Question

For the following data table

\(x_i\)	\(f_i\)
0 - 4	2
4 - 8	4
8 - 12	7
12 - 16	8
16 - 20	6

Find the value of 20M (where M is median of the data)

Answer 1

Correct Answer: 245

To find the value of \(20M\), where \(M\) is the median of the given frequency distribution, follow these steps:

1. Identify the total number of observations \(N\), which is the sum of all frequencies: \(N=2+4+7+8+6=27\).
2. Find the median class.

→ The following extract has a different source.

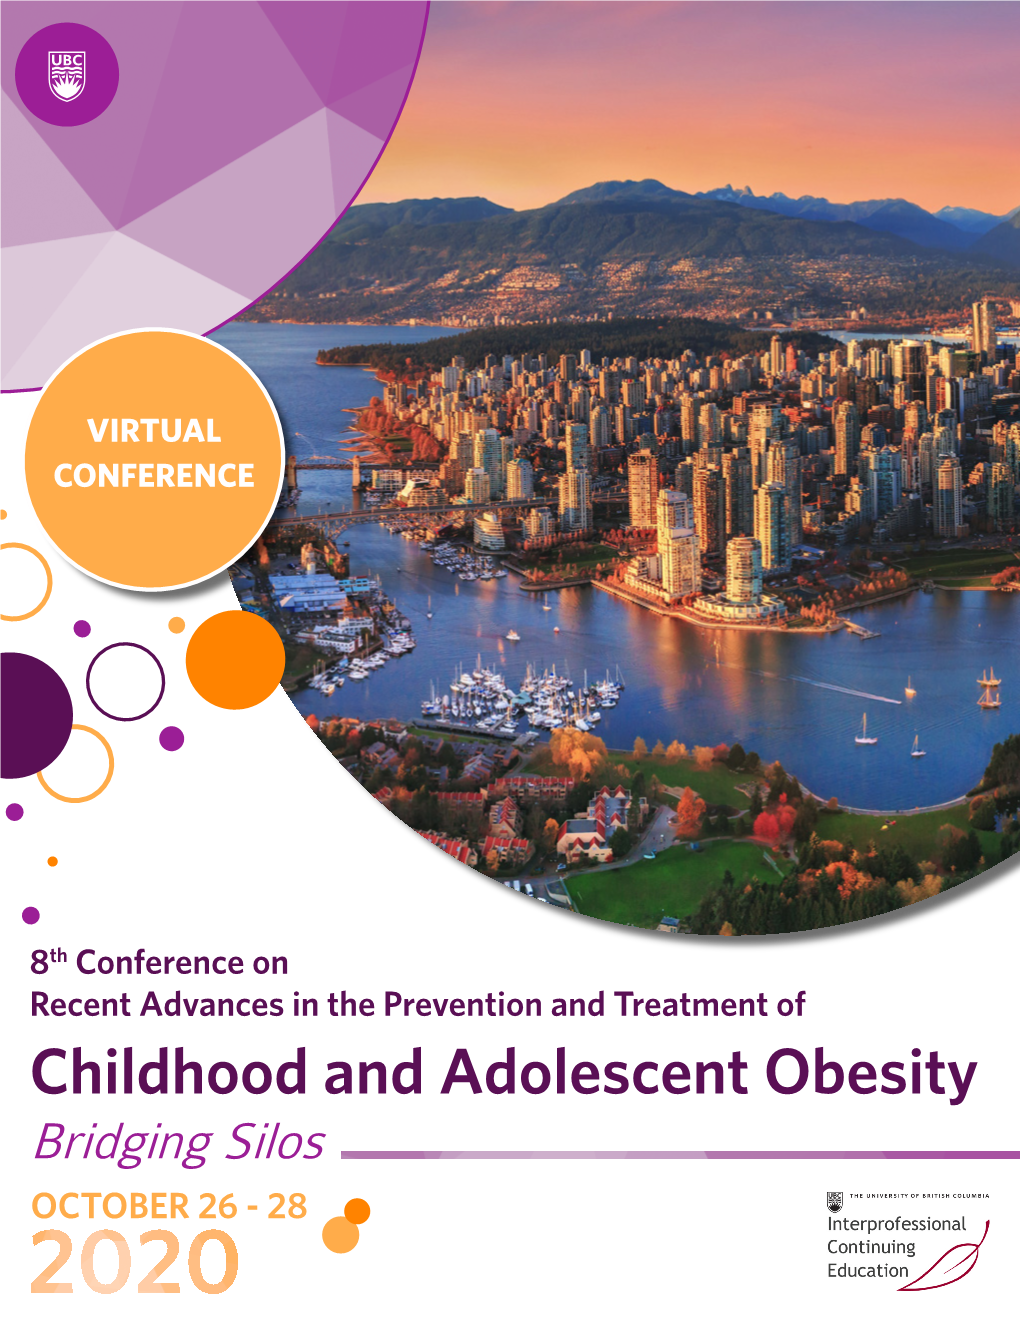 OCTOBER 26 - 28 8Th Conference on Recent Advances in the Prevention and Treatment of Childhood and Adolescent Obesity GENERAL INFORMATION & REGISTRATION

The median position is \(\left(\frac{N}{2}\right)^{\text{th}}\) value, i.e., the \(13.5^{\text{th}}\) value. Cumulative frequencies: \(2, 6, 13, 21, 27\). Hence, the median class is \(12-16\) because \(13.5\) falls in this class.
3. Apply the median formula: \(M=L+\left(\frac{\frac{N}{2}-F}{f_m}\right) \cdot h\), where \(L\) is the lower boundary of the median class (\(12\)), \(F\) is cumulative frequency before the median class (\(13\)), \(f_m\) is the frequency of the median class (\(8\)), and \(h\) is the class width (\(4\)).
4. Calculate \(M: M=12+\left(\frac{13.5-13}{8}\right)\cdot 4\)
   \(M=12+\left(\frac{0.5}{8}\right)\cdot 4=12+0.25=12.25\)
5. Compute \(20M: 20M=20 \times 12.25=245\).

The computed value \(245\) fits perfectly within the provided range of 245 to 245, confirming the solution's accuracy.